-- Work to be completed --
Print exactly the lines that run from the opening line of the material through the line with "Honey (Bootlace) Fungi", and nothing else, leaving out pictures.
───── Information shown
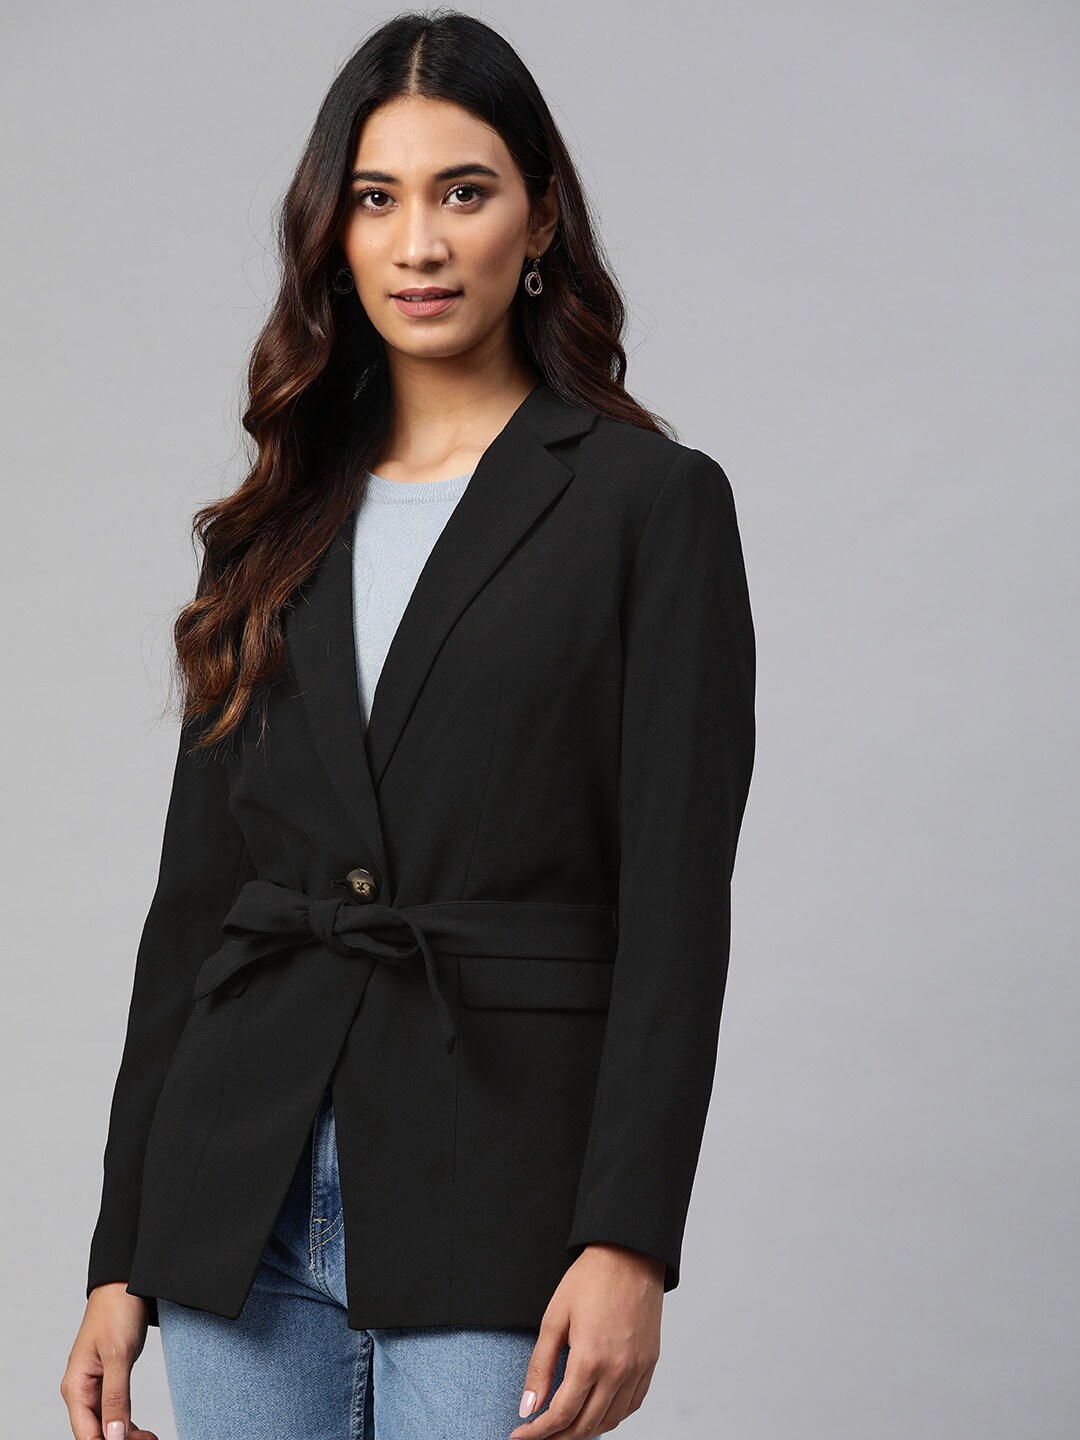 Marks & Spencer Women Black Solid Single Breasted Blazer with Belt Price in India
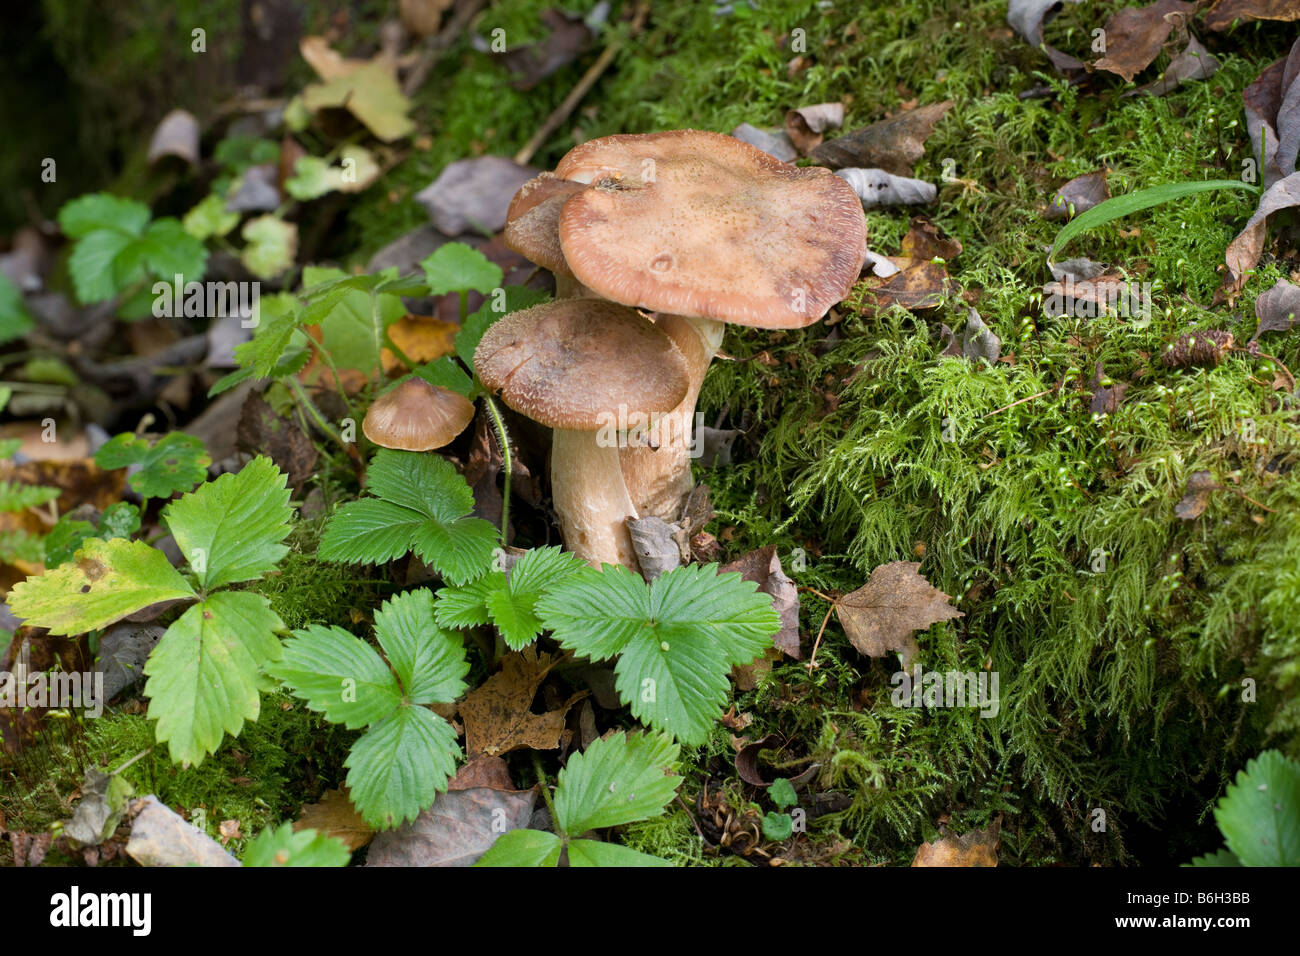 Honey (Bootlace) Fungi Armillaria mellea fruiting bodies growing on a dead mossy tree stump Stock Photo
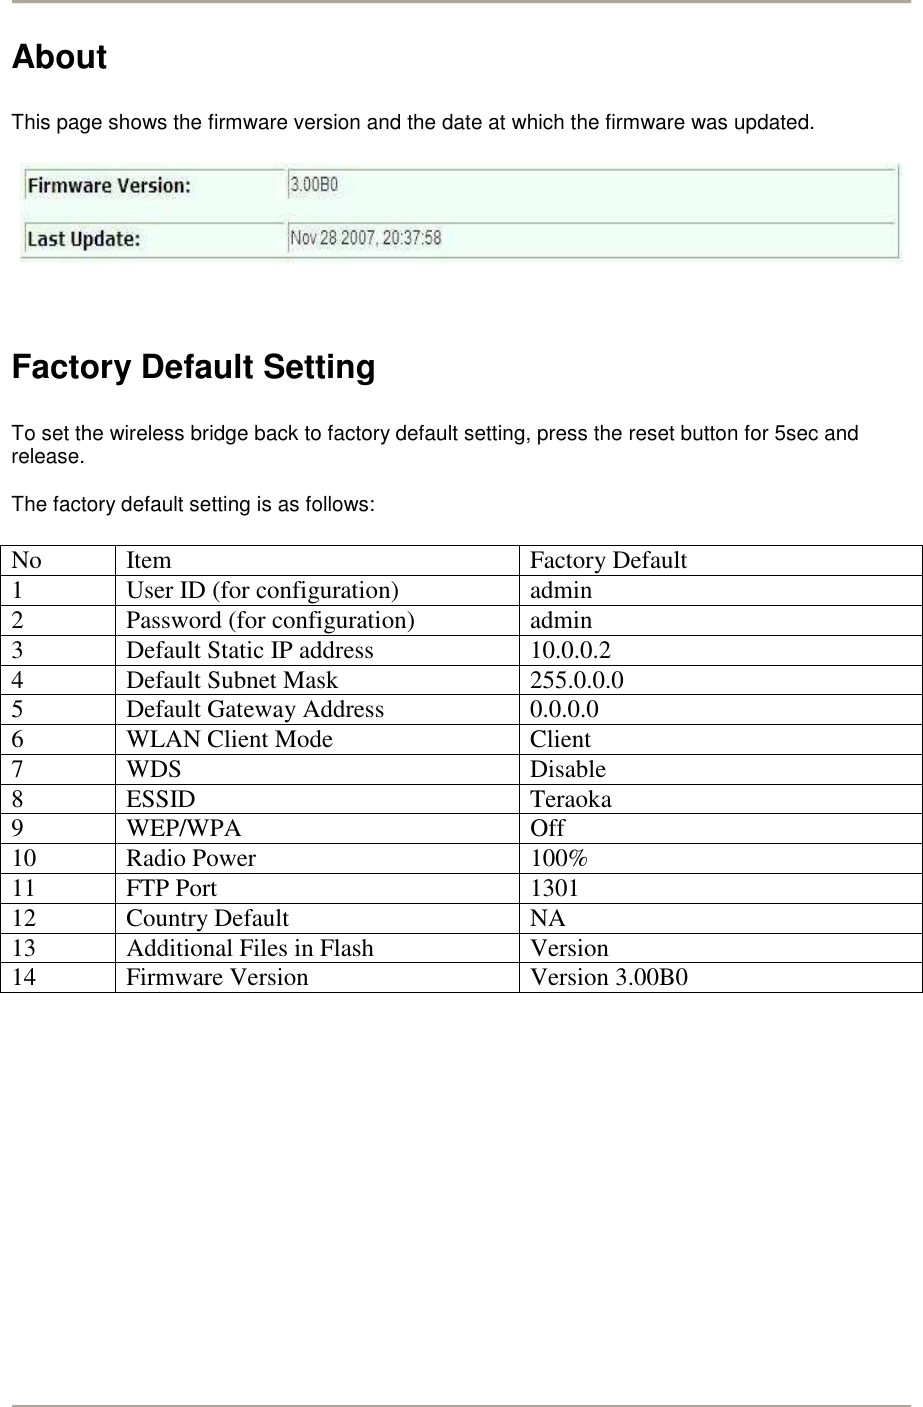        About  This page shows the firmware version and the date at which the firmware was updated.     Factory Default Setting  To set the wireless bridge back to factory default setting, press the reset button for 5sec and release.   The factory default setting is as follows:  No  Item  Factory Default 1  User ID (for configuration)  admin 2  Password (for configuration)  admin 3  Default Static IP address  10.0.0.2 4  Default Subnet Mask  255.0.0.0 5  Default Gateway Address  0.0.0.0 6  WLAN Client Mode  Client 7  WDS  Disable 8  ESSID  Teraoka 9  WEP/WPA  Off 10  Radio Power  100% 11  FTP Port  1301 12  Country Default  NA 13  Additional Files in Flash  Version 14  Firmware Version  Version 3.00B0
──────────
-- Written reply --
 Marks & Spencer Women Black Solid Single Breasted Blazer with Belt Price in India
 Honey (Bootlace) Fungi Armillaria mellea fruiting bodies growing on a dead mossy tree stump Stock Photo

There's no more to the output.